**WHAT IS BEING ASKED**
Copy the complete listing word for word, but do not carry over any images.

··· DATASET EXTRACT ···

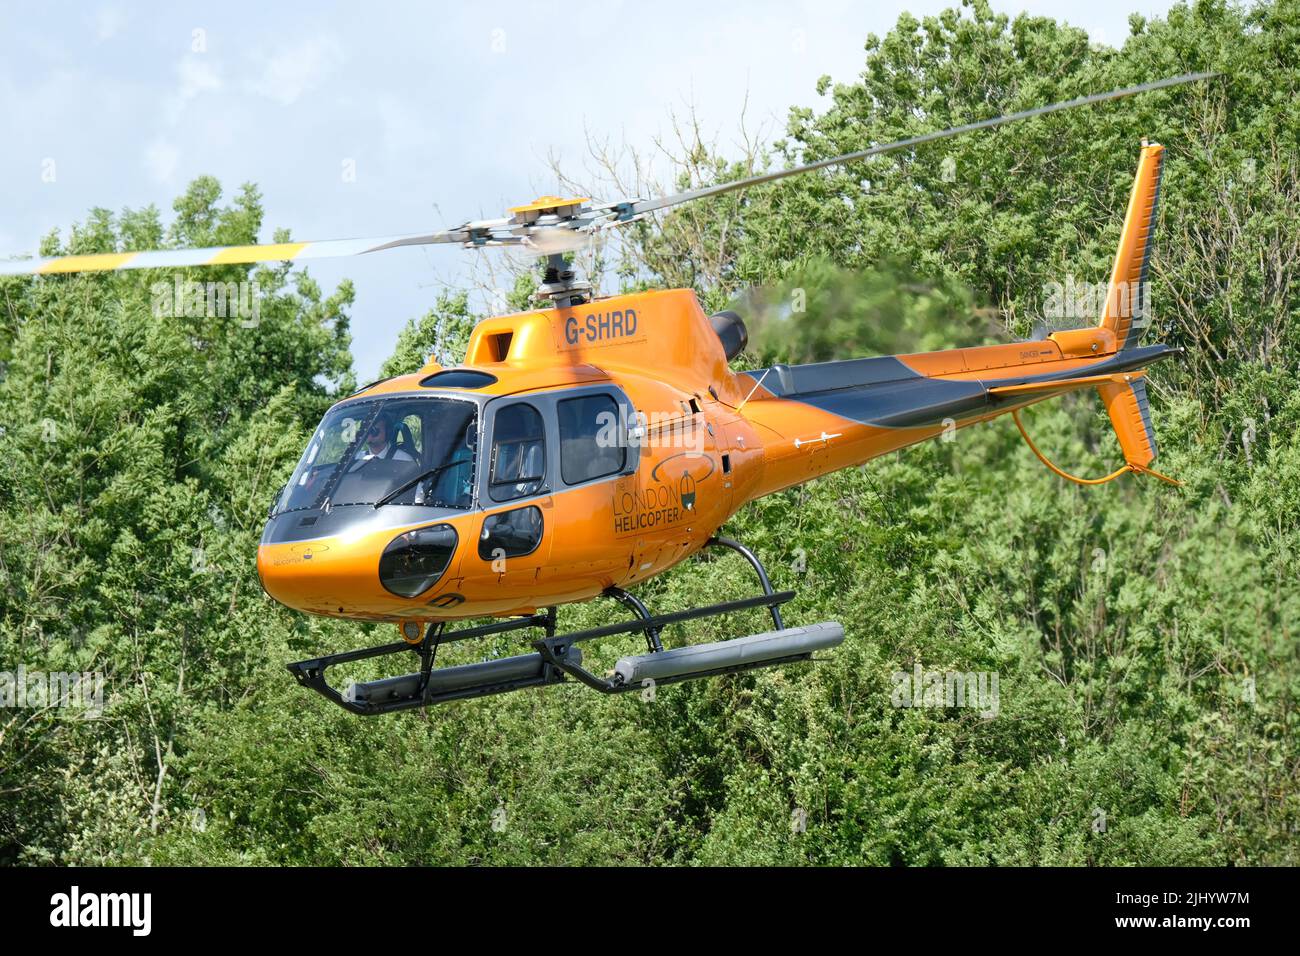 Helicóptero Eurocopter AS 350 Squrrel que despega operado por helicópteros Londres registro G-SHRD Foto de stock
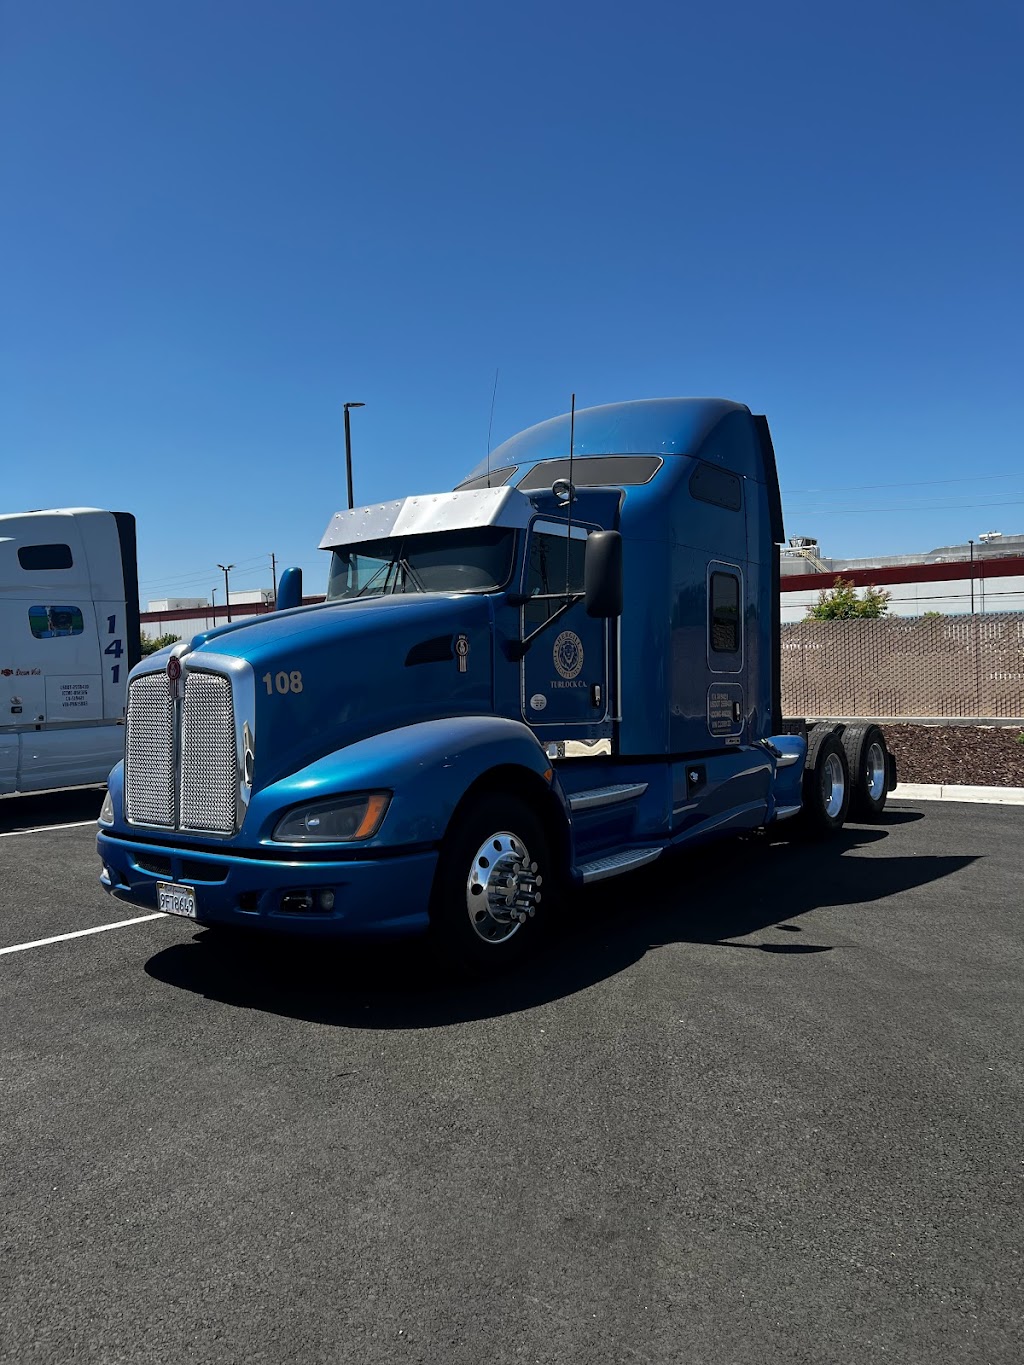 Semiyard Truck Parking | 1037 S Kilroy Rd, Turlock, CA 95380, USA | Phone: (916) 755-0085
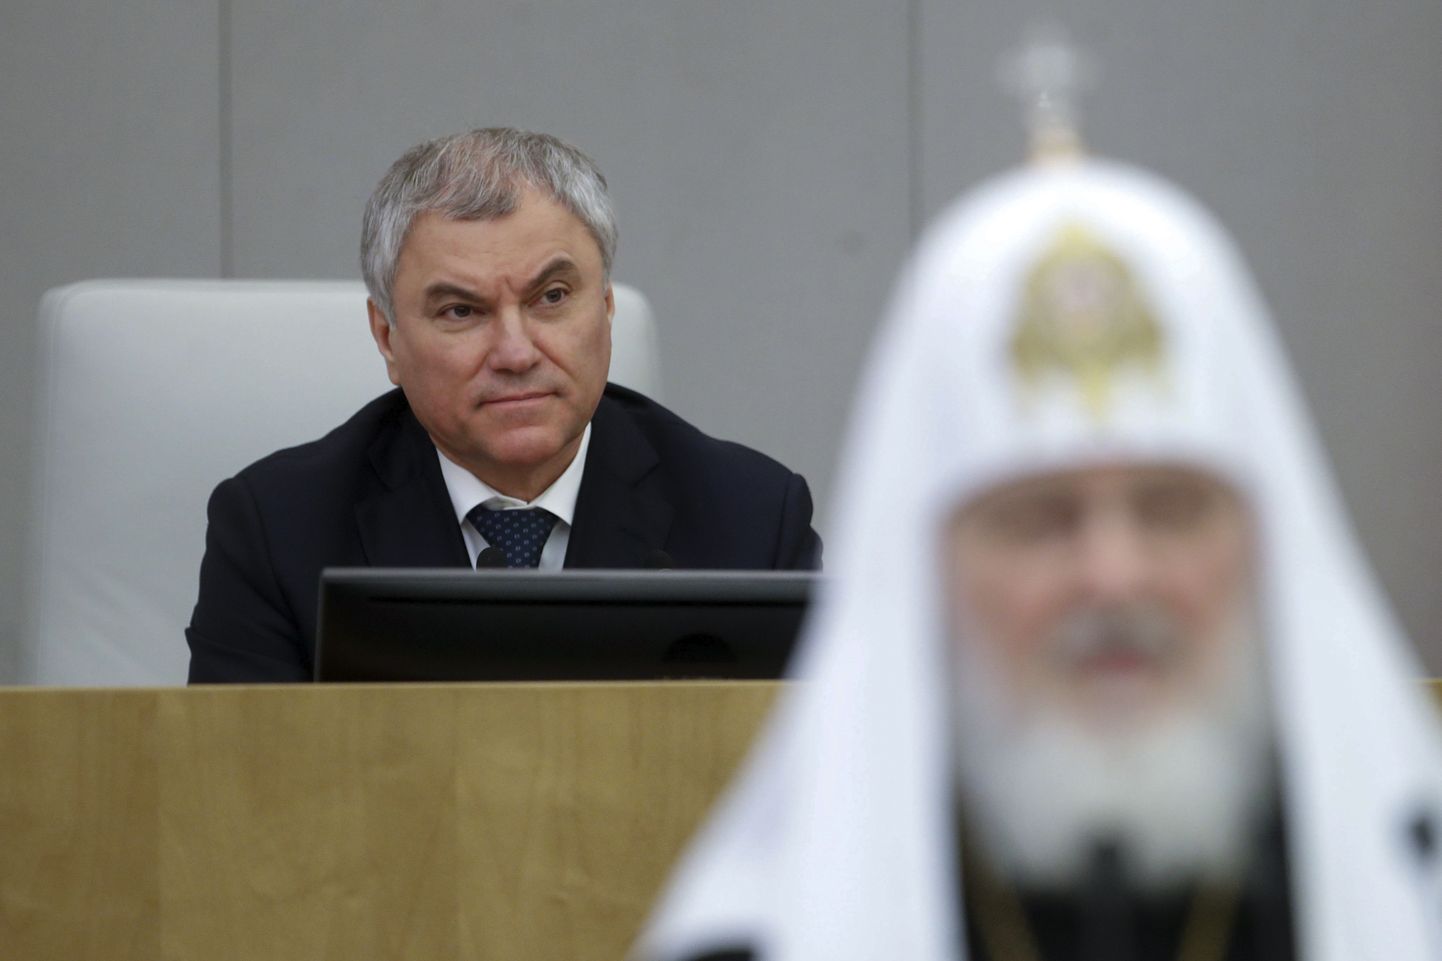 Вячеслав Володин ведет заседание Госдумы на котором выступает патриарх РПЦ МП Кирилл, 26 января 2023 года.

···

**RESULT**
 Helicóptero Eurocopter AS 350 Squrrel que despega operado por helicópteros Londres registro G-SHRD Foto de stock
 Semiyard Truck Parking | 1037 S Kilroy Rd, Turlock, CA 95380, USA | Phone: (916) 755-0085
 Вячеслав Володин ведет заседание Госдумы на котором выступает патриарх РПЦ МП Кирилл, 26 января 2023 года.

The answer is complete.